Photo : Le regretté Sam Nujoma
La Namibie est plongée dans un deuil profond ce week-end. Un deuil national au regard de la grande figure charismatique disparue. Celui qui a obtenu en 1990, avec son mouvement de libération SWAPO (Organisation du Peuple du Sud-Ouest Africain), l’indépendance de la Namibie face à l’Afrique du Sud qui avait repris la tutelle du territoire à l’Allemagne à la faveur de la première guerre mondiale, n’est plus de ce monde des vivants. Sam Nujoma est mort à l’âge de 95 ans, ce samedi 8 février. Aux yeux de ses successeurs à la tête du pays, l’ex-chef de l’État namibien (1990 – 2005) a servi de manière exceptionnelle le peuple de son pays. « Notre père fondateur a vécu une vie longue et déterminante au cours de laquelle il a servi de manière exceptionnelle le peuple de son pays bien-aimé. », a déclaré le président sortant, Nangolo Mbumba, dans un communiqué.

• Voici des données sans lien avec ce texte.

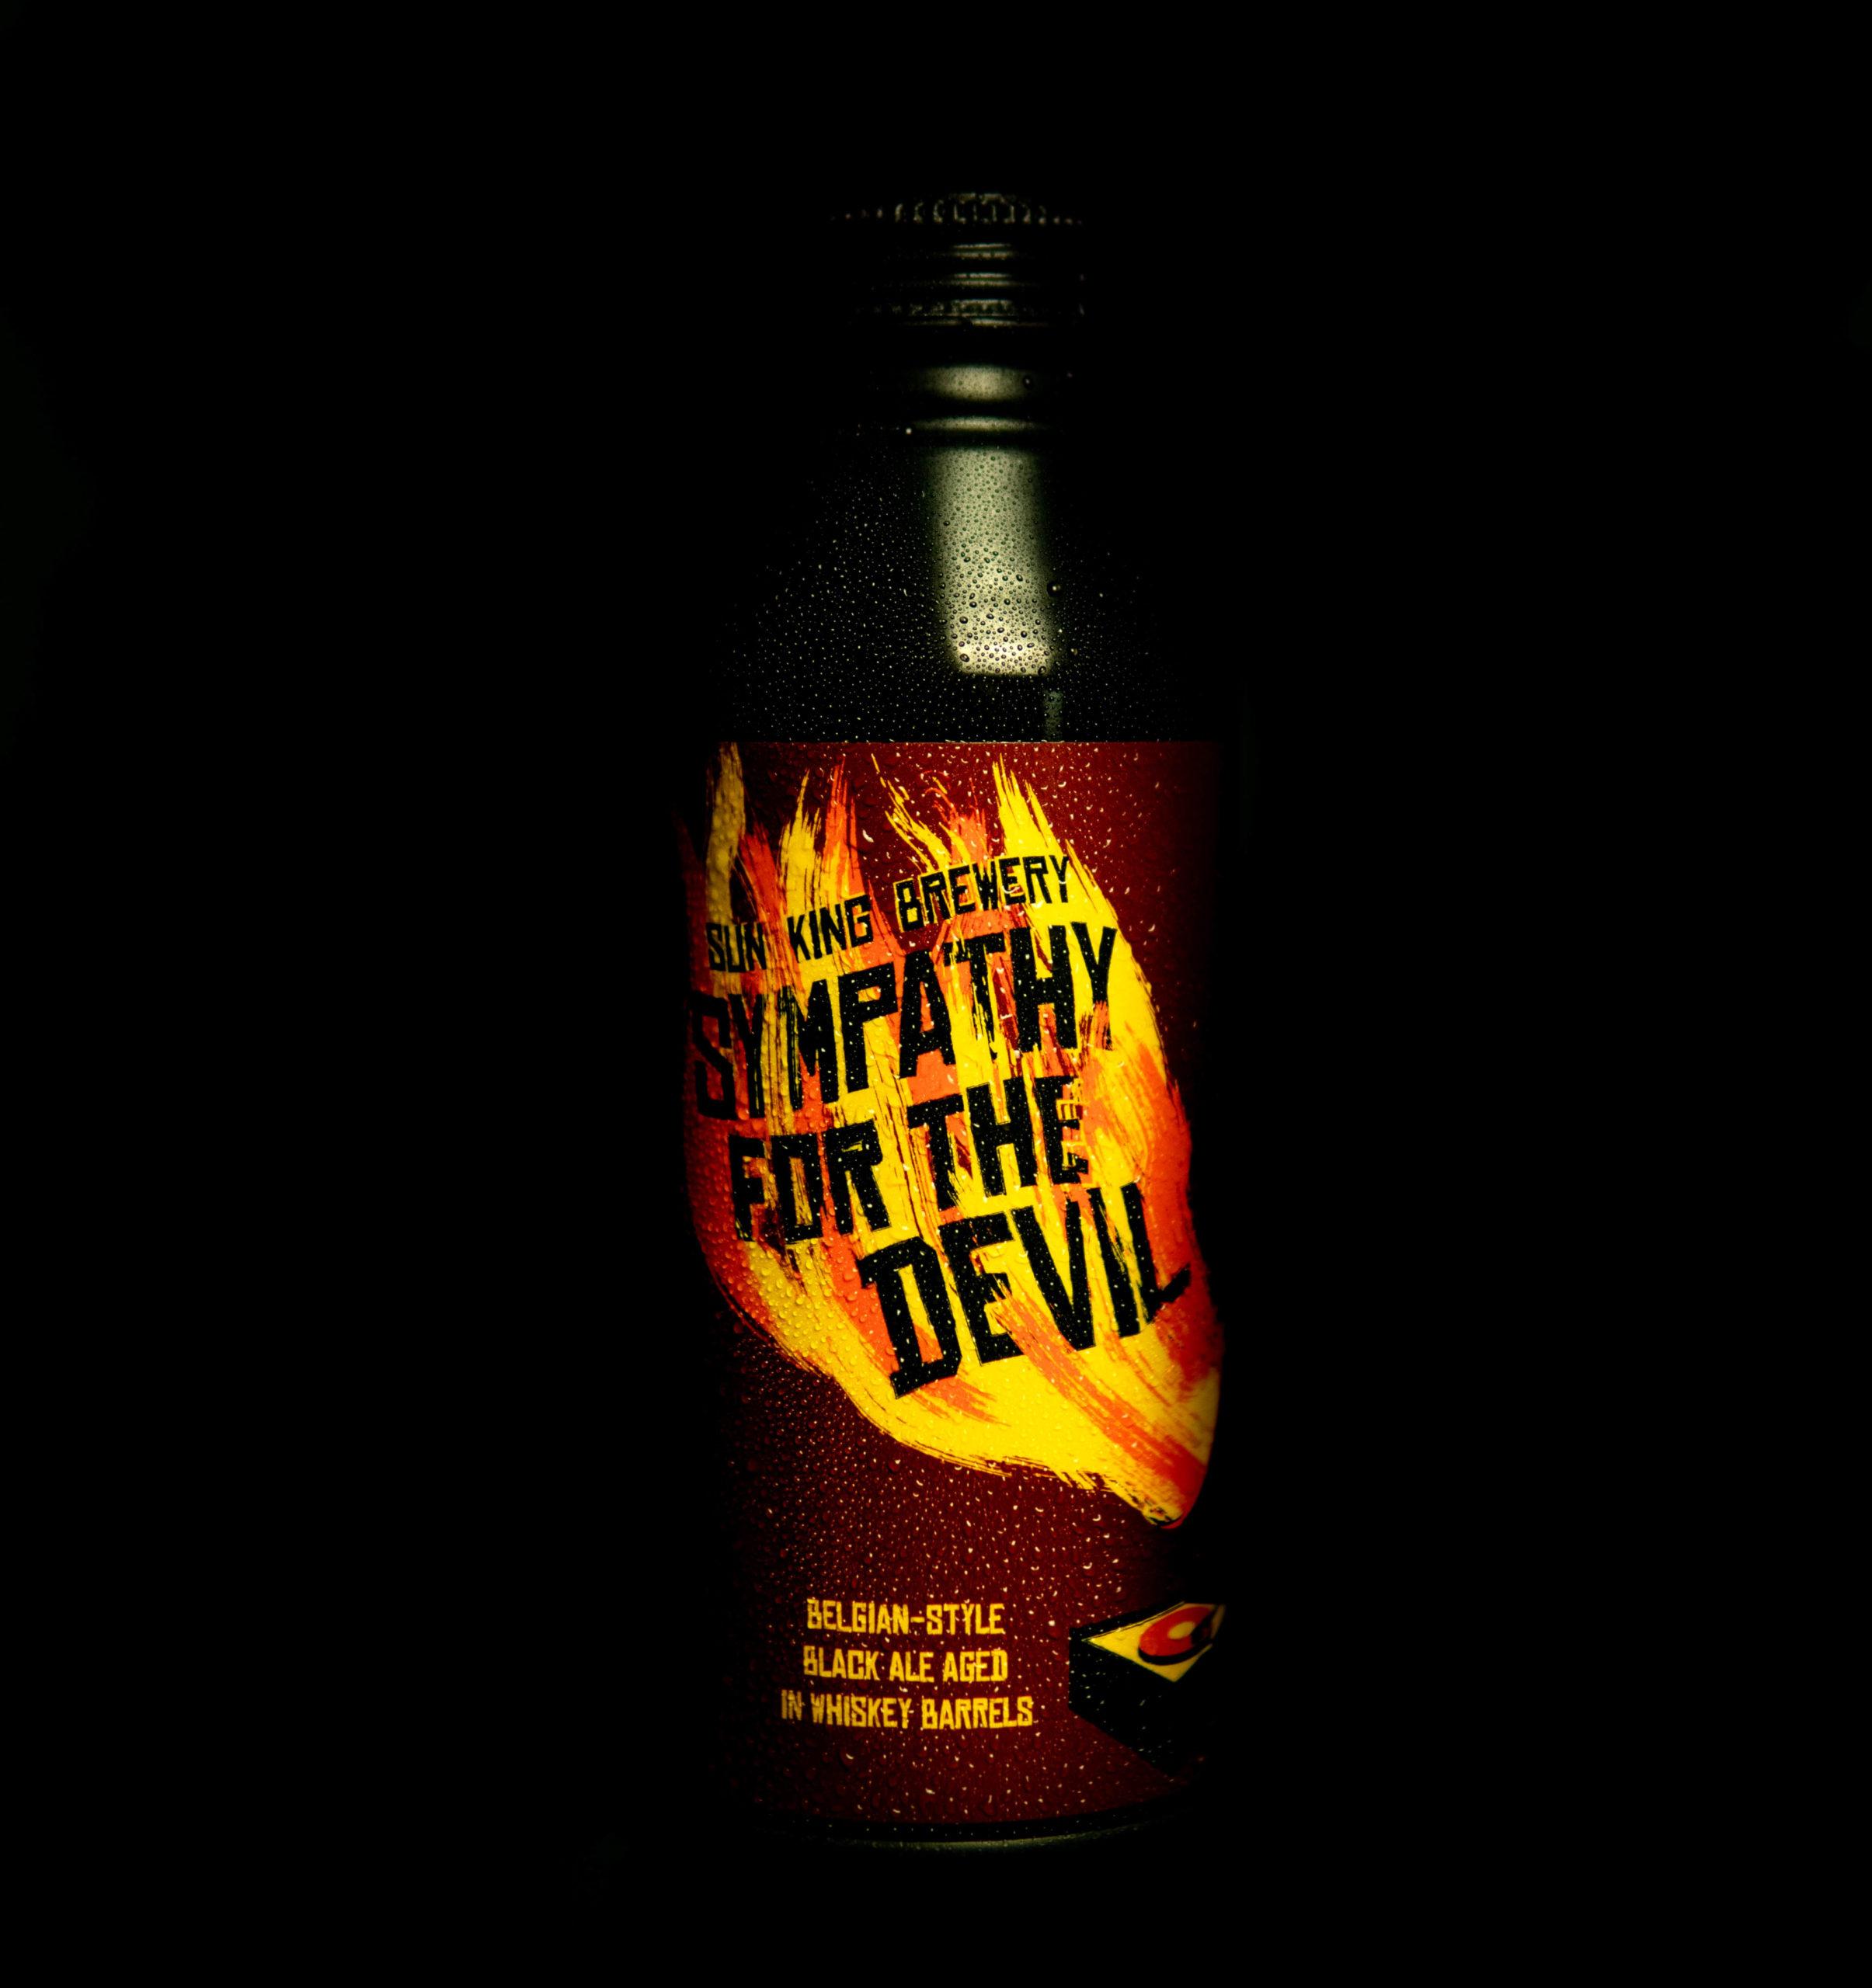 a bottle of sympathy for the devil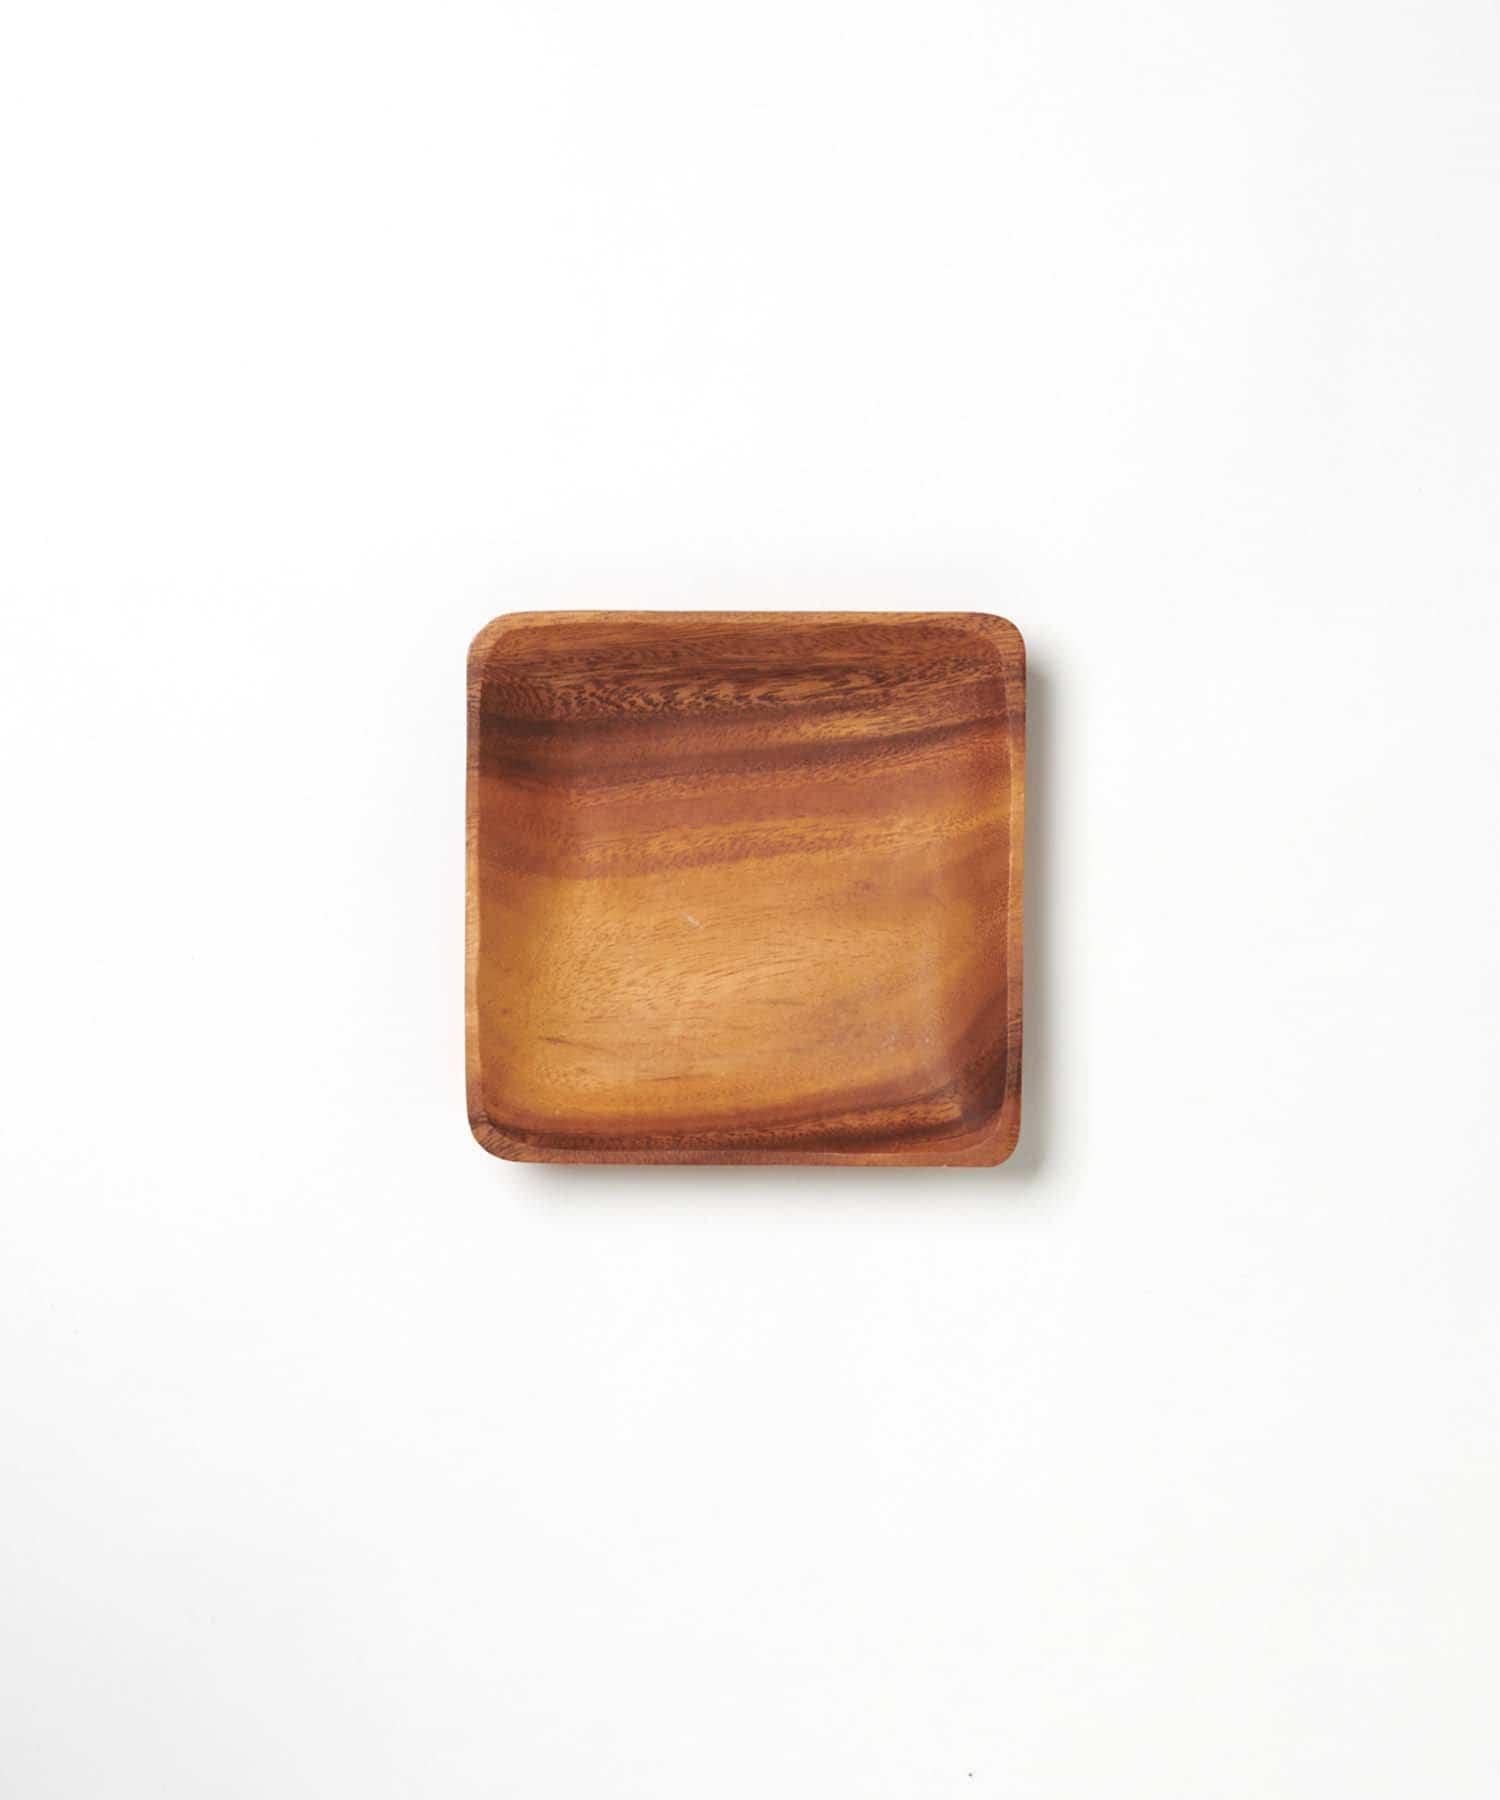 CIAOPANIC TYPY(チャオパニックティピー) ライフスタイル 〈木製食器・お皿〉アカシアスクエアトレー M ブラウン

Se consacrer « aux idéaux panafricains »
Sam Nujoma s’est notamment employé à unifier une population de deux millions d’habitants d’une dizaine de groupes ethniques que l’apartheid s’était appliqué à diviser. Barbe à la Fidel Castro, il avait quitté le pouvoir à 75 ans en 2005, désignant un fidèle comme successeur et restant dans les coulisses. Lors de l’une de ses dernières apparitions publiques en mai 2022, à 93 ans, il s’était montré le poing levé et avait appelé à continuer à se consacrer « aux idéaux panafricains ». Le désormais feu Sam Nujoma avait aussi jugé insuffisante la proposition de l’Allemagne, en 2021, d’un dédommagement de plus d’un milliard d’euros pour le massacre de dizaines de milliers d’indigènes Hereros et Namas, considéré comme le premier génocide du XXe siècle. « La Namibie doit retourner à la table des négociations avec l’Allemagne », avait affirmé l’ancien président, qualifiant l’offre de « terriblement insignifiante ».
Soutien populaire
Son statut de père de l’indépendance a permis à celui qui était surnommé le « Vieux » de jouir d’un soutien populaire qui ne s’est pas démenti jusqu’à la fin de sa vie. L’air souvent sévère pendant ses discours, l’ex-chef de l’État, pourtant jugé conciliant dans un pays stable et respectant certaines libertés fondamentales, était connu pour ses accès de colère contre les « colons blancs » ou les « néo-impérialistes ». Celui dont le visage apparaît sur les billets de banque dans le pays avait également ouvertement condamné l’homosexualité, la qualifiant volontiers de « folie ». Sur le plan diplomatique, il avait soutenu son voisin zimbabwéen, Robert Mugabe, dans sa politique de réforme agraire pour exproprier les blancs et maintenu des relations avec Cuba, la Libye, l’Iran ou encore la Corée du Nord.
Plus de 20.000 morts
Né le 12 mai 1929 au sein d’une famille de paysans, Sam Nujoma est l’aîné d’une fratrie de dix personnes. Il garde les vaches et les chèvres mais à 17 ans, il quitte son village reculé du Nord pour s’installer dans la ville portuaire de Walvis Bay. Il vit chez une tante, dans un township, et découvre les discriminations contre les Noirs. Il devient ensuite balayeur des chemins de fer près de la capitale Windhoek et, rapidement, syndicaliste, tout en suivant des cours du soir, où il rencontre des militants indépendantistes. Contraint à l’exil, en 1960, au Botswana, puis au Ghana et aux États-Unis, il a dû laisser derrière lui son épouse et ses quatre enfants. À la tête de la SWAPO, il lance la lutte armée en 1966, qu’il raconte dans son autobiographie. La guerre d’indépendance a fait plus de 20.000 morts.
Lutte armée
Devenu président, Sam Nujoma s’était refusé à instaurer une commission vérité et réconciliation sur les atrocités commises pendant les vingt-trois ans de conflit entre la SWAPO et les escadrons de la mort pro-sud-africains. Mais, à l’indépendance, il avait pragmatiquement intégré ces unités des « Koevoet » au sein de l’armée et de la police. Après son retrait officiel de la vie politique, il avait repris des études et décroché une maîtrise de géologie, persuadé que les montagnes namibiennes regorgent de richesses minérales inexploitées.